Defending Collections Lawsuits
If you’re sued on a standard credit card or retail credit account, you may be frightened and confused, and convinced that you absolutely owe the money. But that’s not always the case, and although bankruptcy is usually the best option if you have multiple debts, it’s still good to know how consumers defend themselves against credit card lawsuits.
Who is Suing?
In most cases, it is not the original creditor that brings the lawsuit against you for an unpaid account. In other words, it is usually not Chase Bank, or Best Buy, or Target, or Capitol One that sues you. More often, it is a debt buyer.
What is a Debt Buyer?
A debt buyer purchases large accounts of debts, sometimes millions of dollars, for pennies on the dollar from the original creditors.
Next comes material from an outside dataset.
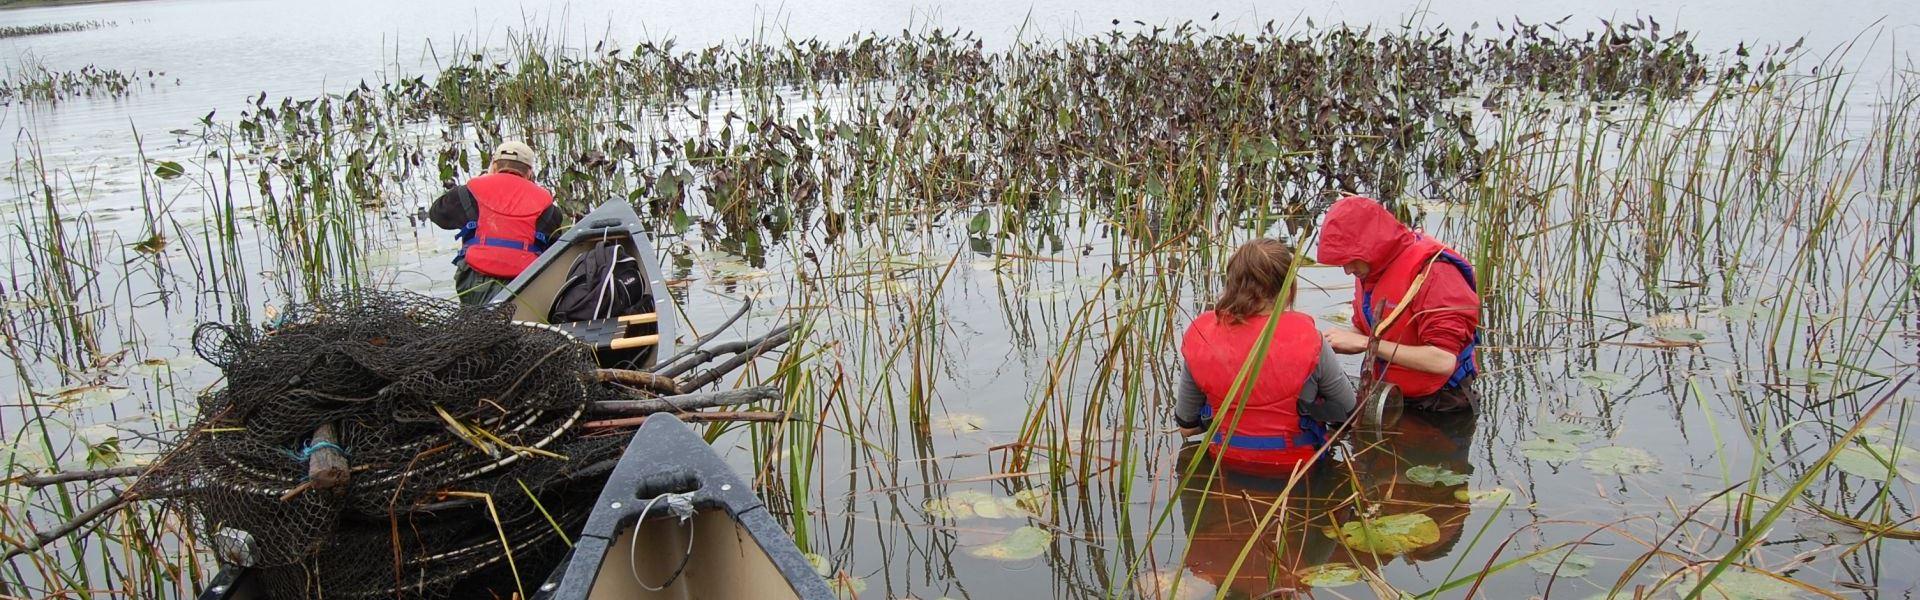 Étudiants en techniques de bioécologie procédant à l'identification d'espèces de la faune et de la flore dans un marais
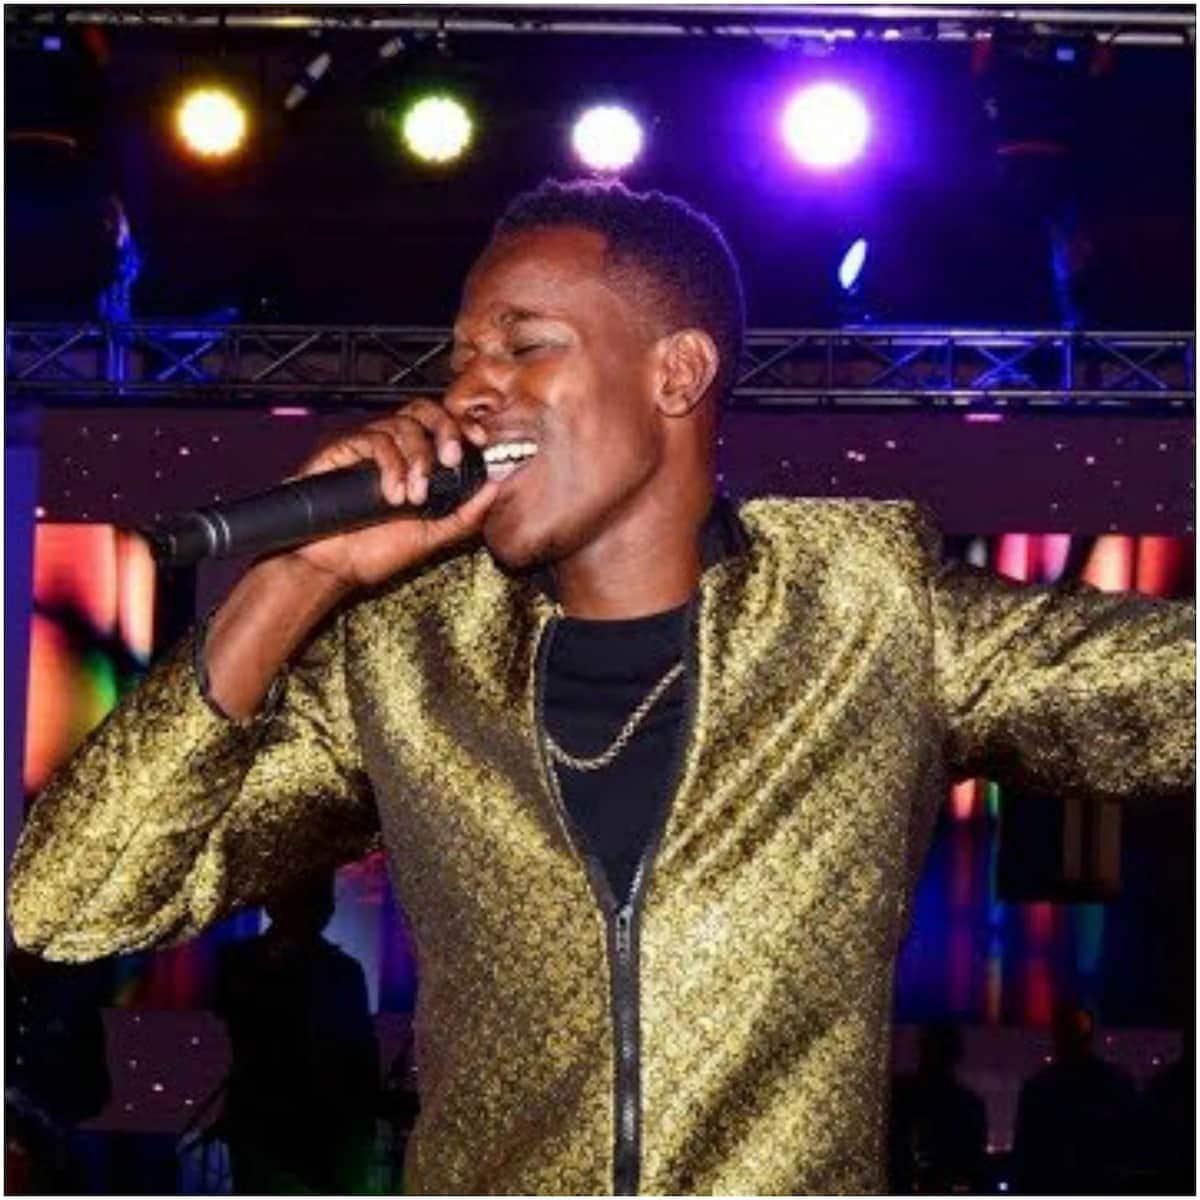 Musa Jakadala songs Kenya Musa Jakadala old songs Songs by Musa Jakadala Musa Jakadala hit songs Musa Jakadala songs latest Musa Jakadala songs 2018 Musa Jakadala new songs

But because the debt buyer is purchasing so many accounts, and because the original creditor really wants to just get rid of this old, uncollectable debt, the original creditor often doesn’t give the debt buyer all the paperwork or information on each account sold.
That means that when debt buyers try to collect on accounts, including when they sue, they often run into problems. For example, they may not have a full and complete copy of the paperwork that you signed when you first took out the account. That paperwork is often needed for the debt buyer to sue you.
Debt buyers may be completely unaware of the status of the debt. For example, a debt buyer may not be aware that you made a payment, that you paid off the account, or that the account is too old to be legally collected. In many cases, a debt buyer will try to collect debt that has been discharged in a bankruptcy (an illegal practice, which you as a consumer can sue the debt buyer for even attempting to do).
Lack of Paperwork
Even if the debt is completely legitimate and collectable, the lack of paperwork on the account often leads a debt buyer to ask for amounts in a lawsuit that aren’t supported by or documented by the paperwork.
For example, a debt buyer may ask for attorneys fees, or interest on an unpaid balance, that is not allowable in the absence of a contract between the original creditor and you, the consumer.
Defenses in Bankruptcy
These defenses aren’t only applicable when defending collections cases. They also apply in bankruptcies, when creditors try to challenge your discharge, or claim that for some reason their debt should not be discharged. This kind of challenge is rare, but it happens. When it does, your bankruptcy attorney will use these same defenses to try to demonstrate that the creditor does not have a valid claim to collect anyway, discharge or not.